Two Electric Car Pioneers in Trouble

Making and selling cars is not an easy proposition, especially if you’re competing against established big guys like Ford and GM, and even more so if you’re making an electric car – which few people seem ready to buy yet.

So, it’s sad but not surprising that two courageous companies that took a stab at manufacturing electric cars are in trouble. Indeed, it would be more surprising if they succeeded.

Fisker Automotive, which was producing the $100,000 electric sports car Karma, stopped making cars last year. They have had to lay off 75% of employees while struggling to find capital, but it doesn’t look good. 

The Department of Energy (DOE) gave Fisker a $529 million loan in 2009, but it had only drawn $193 million when payments were stopped in 2011.

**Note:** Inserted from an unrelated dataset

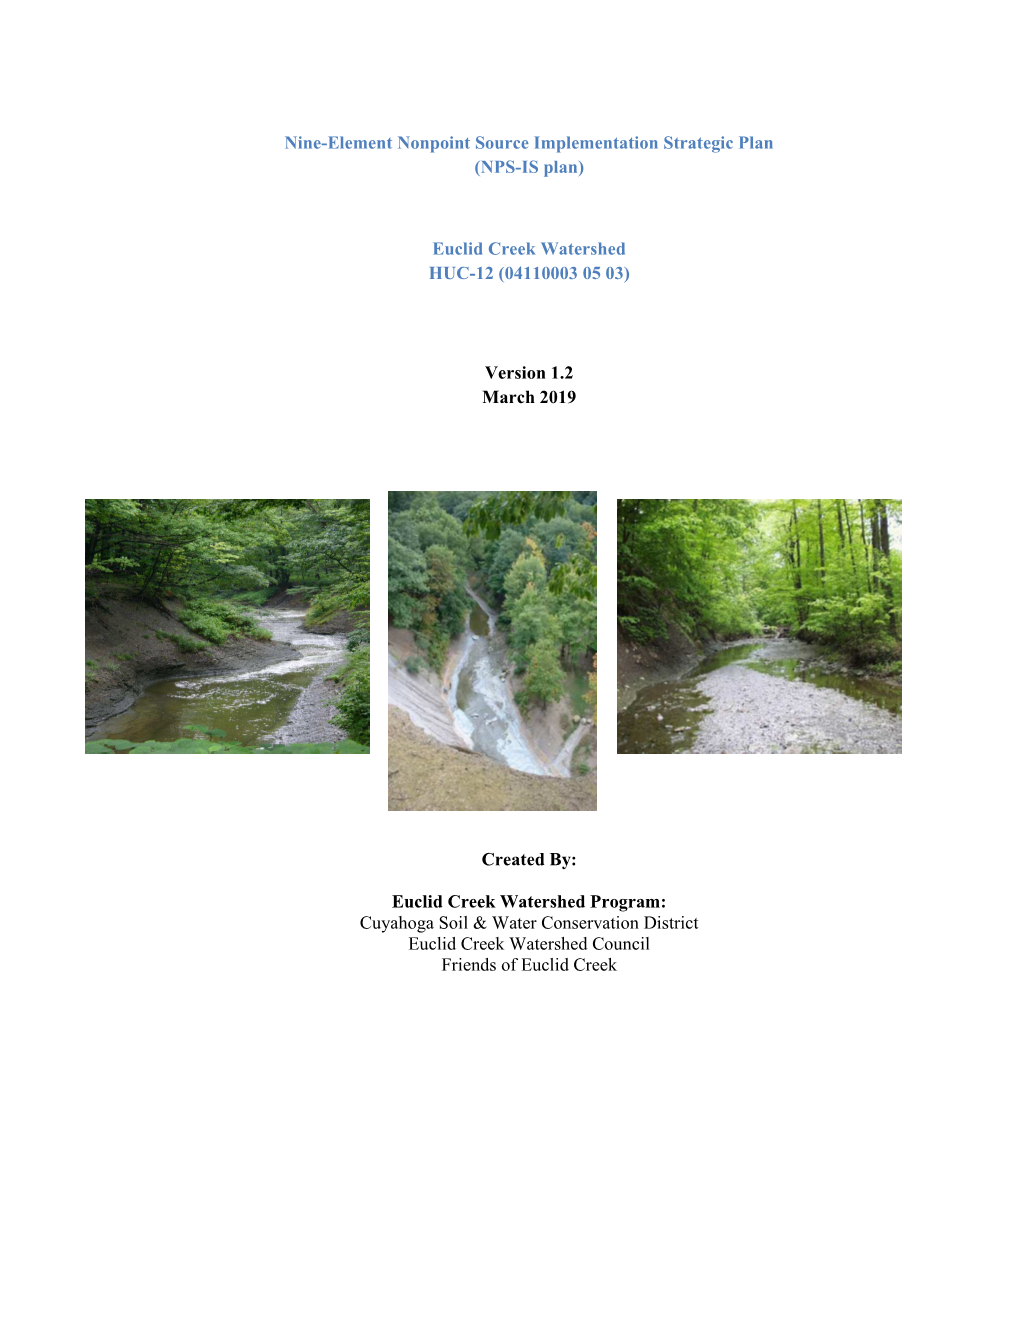 (NPS-IS Plan) Euclid Creek Watershed HUC-12 (04110003 05

Payments were stopped because Fisker didn’t meet DOE’s milestones – that 11,000 cars would be sold by 2011. Only 2000 Karmas have sold worldwide and just 900 in the US. 

Last week, DOE seized $21 million from Fisker to get some of the money back, when it failed to meet the loan repayment schedule. One of the most heavily-backed venture companies ever, Fisker raised $1.2 billion from investors – $100 million of that last September.

Lots of problems plagued Fisker, including losing 10,000 cars in Hurricane Sandy.

Fisker Karma


Naturally, this provides new fodder for GOP attacks, who are more than happy to revive Solyndra. They held a hearing on Fisker last week.

"Despite Fisker’s difficulties, our overall loan portfolio of more than 30  projects continues to perform very well, and more than 90% of the $10 billion loan loss reserve that Congress set aside for these programs remains  intact," Aoife McCarthy from DOE told   Bloomberg.

Coda Too

Coda Holdings has filed for bankruptcy and is looking to sell its assets for $25 million. The company did not receive a loan from DOE.

Its car debuted a year ago, and although some criticized it for being "no frills" it had a driving range of 125 miles.

Although investors poured $344 million into the company, when it came time to raise more capital it wasn’t there. By that time it had become clear the electric vehicle market would grow much slower than people hoped. There were also production delays.

The company plans to quit auto manufacturing and refocus on energy storage, which is much less capital-intensive. It plans to  use the technology in its cars but for utilities and building operators to store power.

Other casualties in the electric vehicle space are A123 Systems, which supplied lithium batteries to Fisker, and Ener1, another battery manufacturer for electric cars.
Ener1, which received $118 million from DOE says it will exit bankruptcy with $86 million in new equity funding and a stronger balance sheet.

Tesla is the only pure-play electric car manufacturer that’s selling substantial numbers of cars, achieving profitability for the first time last quarter.
And it said it will repay its DOE loan of $465 million by 2017. 

Two new companies have entered the electric vehicle space: Detroit Electric and GreenTech Automotive.

Sales of plug-ins are growing in the US, just not as optimists anticipated. 50,288 plug-ins sold in 2012, led by GM’s Chevy Volt, up from 17,805 in 2011, according to Bloomberg. 17,842 plug-ins sold during the first quarter of this year.

All-electric car sales totaled 13,542 in 2012, a 34% rise from  10,104 sold in 2011, says Bloomberg, with Hawaii the leading state.